I’ve seen our Kroger carrying lamb loin chops lately. What’s the best way to grill these?  Also, is there a good rub or marinade to use?  I have all kinds of bbq rubs from Meat Church and others. But I was also thinking Cavenders Greek could possibly be good, right?  Or would a marinade of some kind be better?  Looking for any and all suggestions. Thanks!


----------



## chef jimmyj (Apr 29, 2020)

This Lamb Marinade is used in Upstate NY for a yearly competition. It's typically used on chunks of Leg or Shoulder, then Skewed and Grilled. It is sold as a Sandwich but great on Chops or Roasts...JJ

*Spiedie Marinade/Sauce*

1/2Cup Olive Oil
2Cup Red Wine Vinegar
1/2Cup Worcestershire
2T Minced Garlic
1/2tsp Dry Basil
1tsp Dry Oregano
2tsp Dry Parsley
1/2tsp Gran. Garlic
1tsp Gran Onion
1/2tsp Red Pepper Flake
1T Salt
1T Sugar
2tsp Black Pepper
1Cup Red Wine

Combine all, Mix well and Divide in half to use for Marinade and Sandwich Sauce.

Makes about 3Cups total.

Cut 4-5Lbs Meat, any, in 1 inch cubes. Add 1/2 the Marinade/Sauce and Marinate for at least 24 hours or up to 3 days.

Place on Skewers and Grill to desired doneness.

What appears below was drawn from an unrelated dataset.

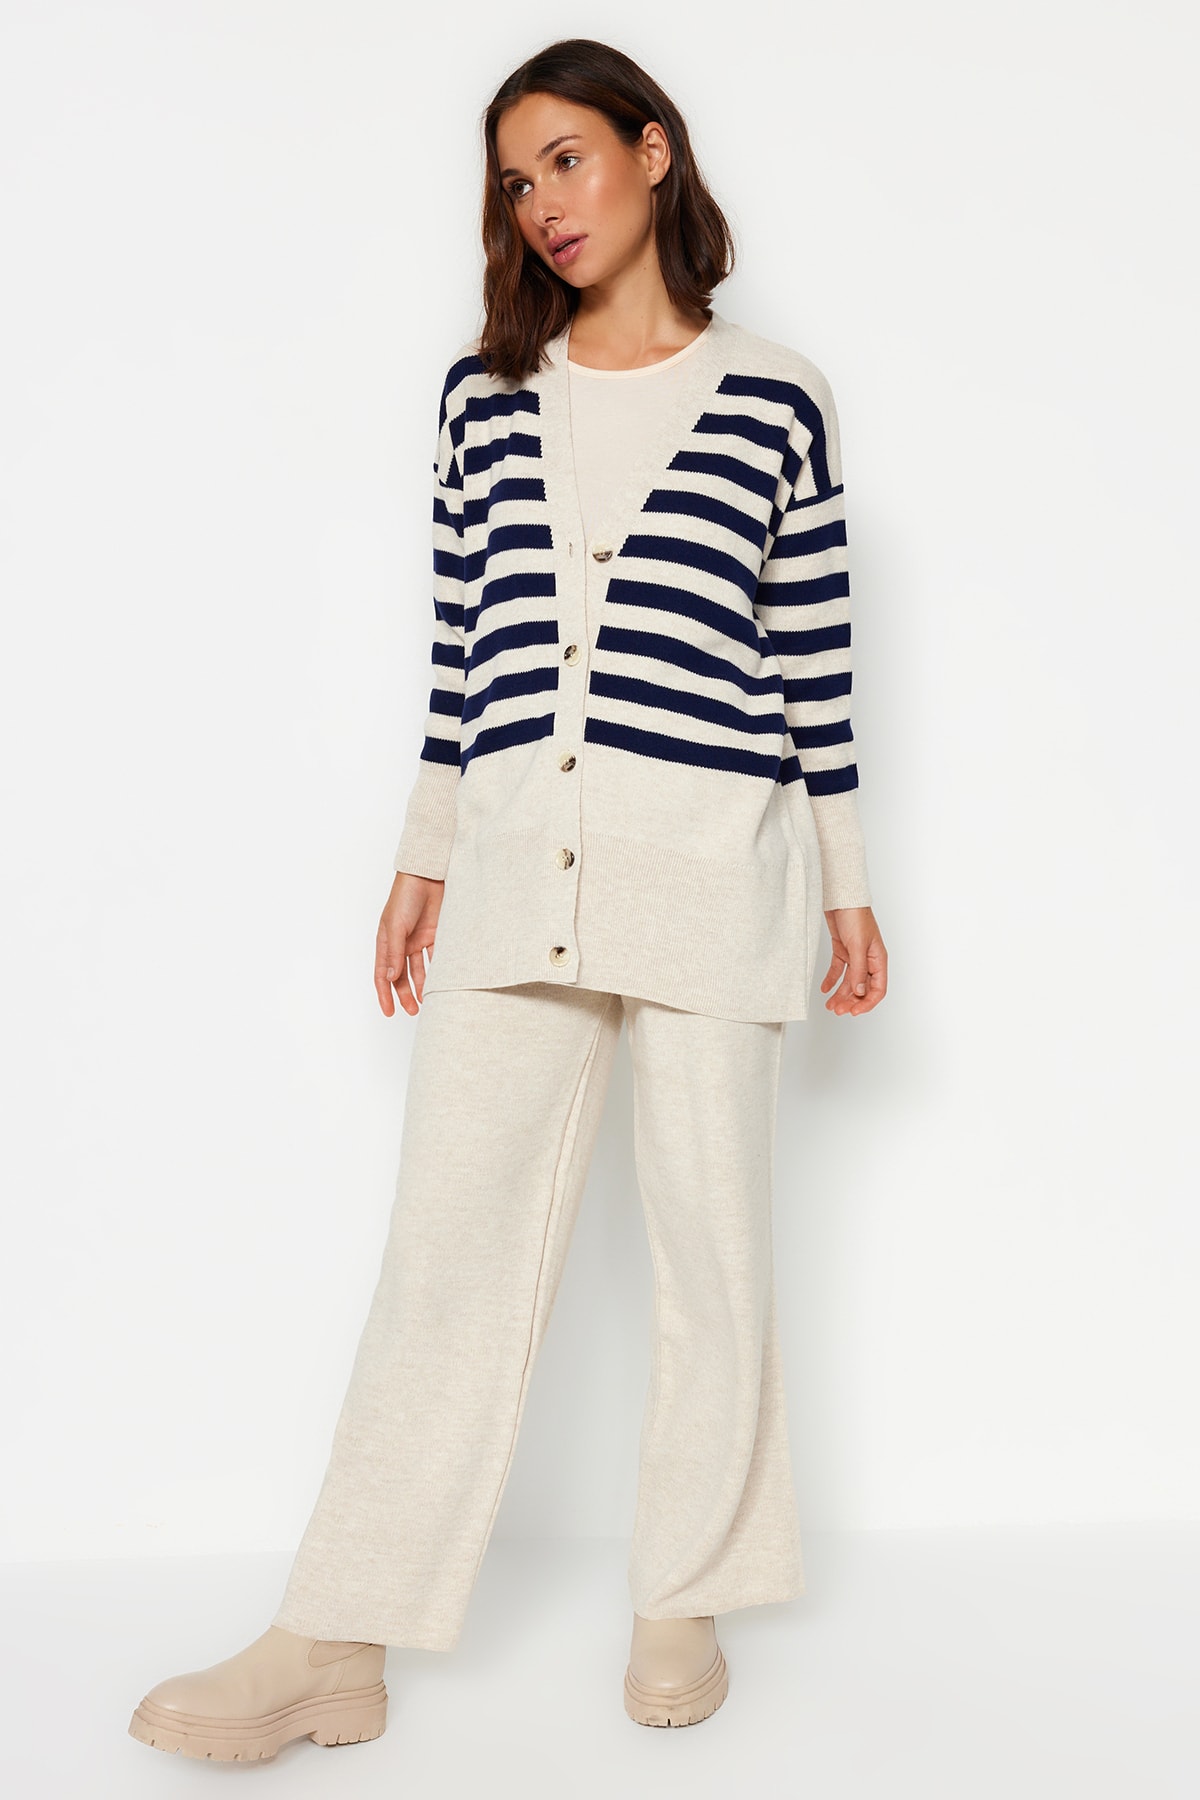 Trendyol Beige Button Detailed Jacquard Striped Cardigan Trousers Knitwear Two Piece Set

Serve on Italian Bread with additional Sauce.


----------



## ozzz (Apr 29, 2020)

Sounds like a nice marinade JJ. I will have try it the next time I do lamb. 
LIKE


----------



## forktender (May 4, 2020)

Olive oil, black or white pepper, salt, lots of crushed garlic, lemon juice and bruised fresh rosemary, oregano and thyme. I grew up with a lot of Portagee cattle ranchers and whenever they cooked a whole lamb there were buckets of this poured over and mopped over the lambs while they were cooking on the spit over an oak wood fire pit.
It's some good stuff, lamb roasted on a rotatory over oak wood swimming in this marinade is as good as it gets. 

Dan


----------